[1] The Poem of Thealma and Clearchus was left in an unfinished state: it terminates abruptly with the half line
"Thealma lives"—
Upon which Walton adds
And here the Author dy'd, and I hope the Reader will be sorry.
* * * * *
LETTER TO JOHN AUBREY.
1680.
[The original is amongst Aubrey's MSS. in the Ashmolian Museum: annexed to it is the following note by Aubrey: "This account I received from Mr. Isaac Walton (who wrote Dr. Donne's Life), &c. Decemb. 2, 1680, he being then eighty-seven years of age. This is his own hand-writing, I.A." See Walton's Lives, With Notes and the Life of the Author by Thomas Zouch, third edition. York, 1817. Vol. II. pp. 353-356.]
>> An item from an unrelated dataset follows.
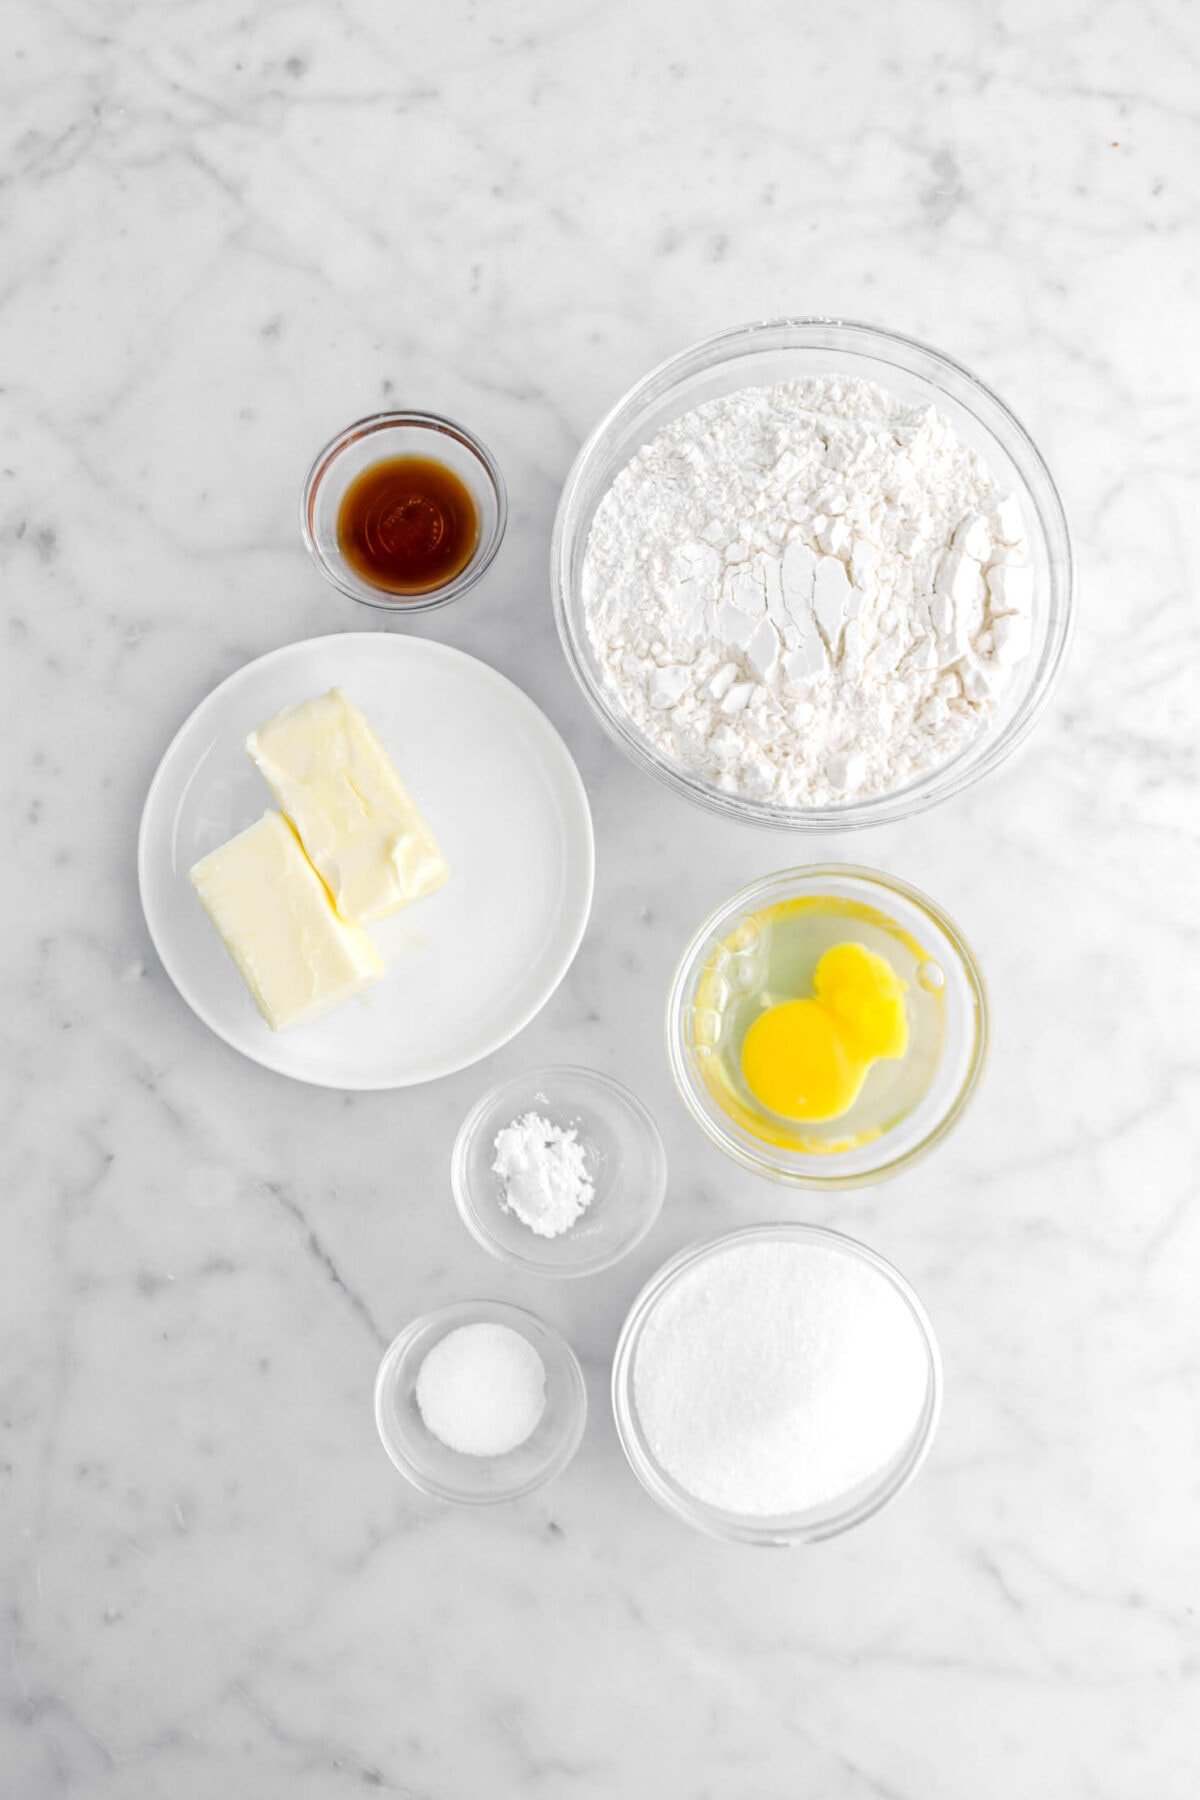 vanilla, butter, flour, egg, baking powder, salt, and sugar on marble surface.
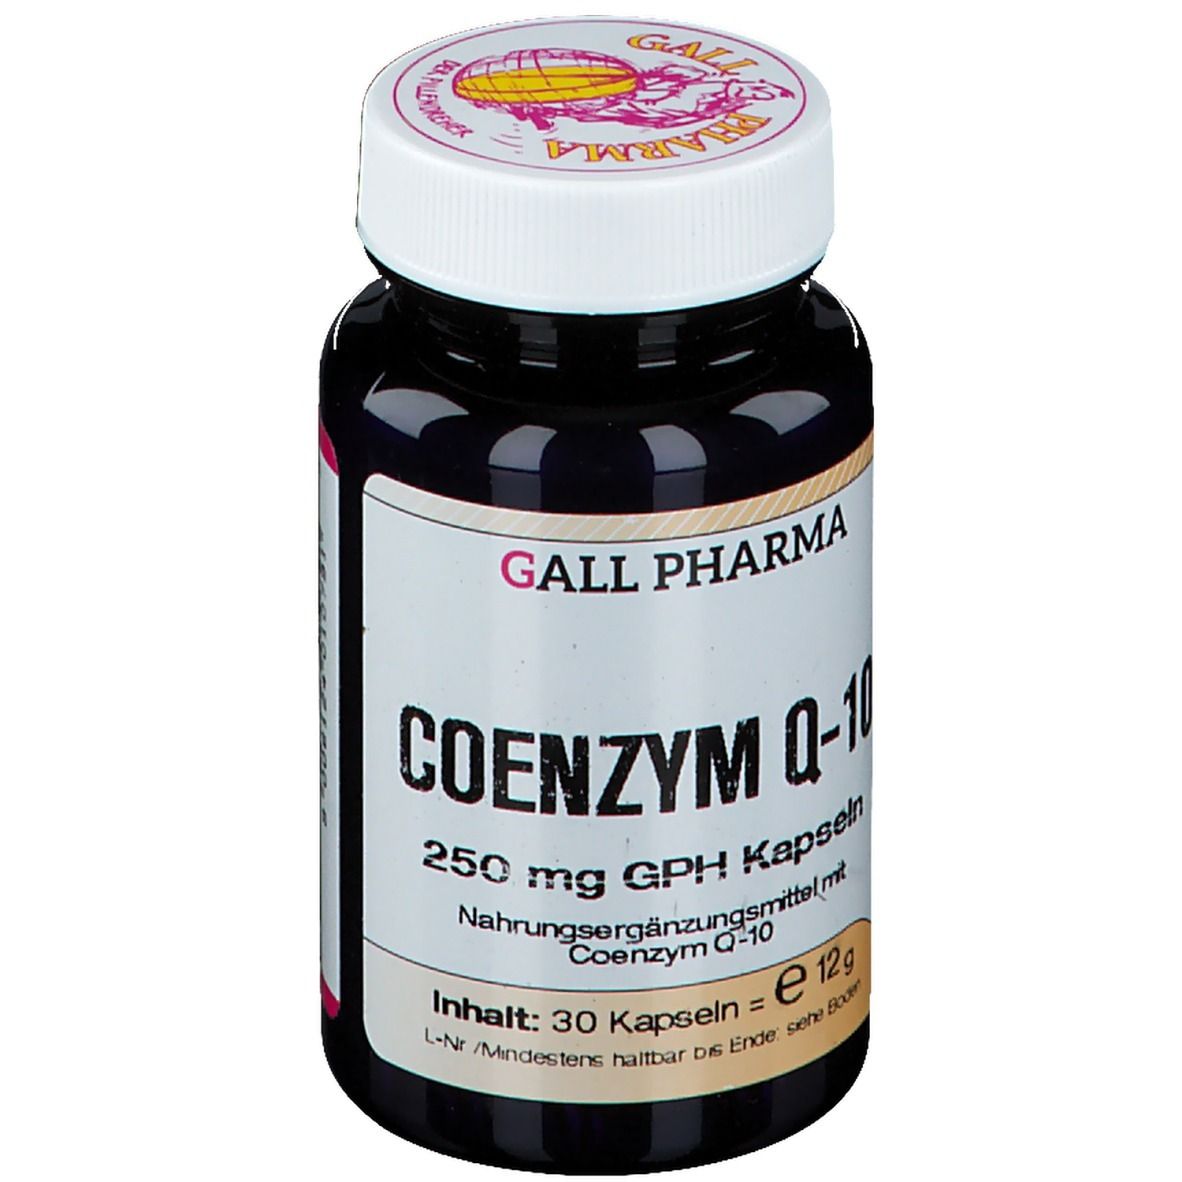 Image of GALL PHARMA Coenzym Q-10 250 mg GPH Kapseln

ffor y'r friends q'ue this.
I only knew Ben Jonson: But my Lord of Winton knew him very well; and says, he was in the 6th, that is, the uppermost fforme in Westminster scole, at which time his father dyed, and his mother married a brickelayer, who made him (much against his will) help him in his trade; but in a short time, his scolemaister, M'r. Camden, got him a better imployment, which was to atend or acompany a son of Sir Walter Rauley's in his travills. Within a short time after their return, they parted (I think not in cole bloud) and with a love sutable to what they had in their travilles (not to be commended). And then Ben began to set up for himself in the trade by which he got his subsistance and fame, of which I need not give any account. He got in time to have a 100£ a yeare from the king, also a pension from the cittie, and the like from many of the nobilitie and some of the gentry, w'ch was well pay'd, for love or fere of his railing in verse, or prose, or boeth. My lord told me, he told him he was (in his long retyrement and sickness, when he saw him, which was often) much afflickted, that hee had profained the scripture in his playes, and lamented it with horror: yet that, at that time of his long retyrement, his pension (so much as came in) was giuen to a woman that gouern'd him (with whome he liu'd and dyed near the Abie in Westminster); and that nether he nor she tooke too much care for next weike: and wood be sure not to want wine: of w'ch he usually tooke too much before he went to bed, if not oftener and soner. My lord tells me, he knowes not, but thinks he was born in Westminster. The question may be put to Mr. Wood very easily upon what grounds he is positive as to his being born their; he is a friendly man, and will resolve it. So much for braue Ben. You will not think the rest so tedyous as I doe this.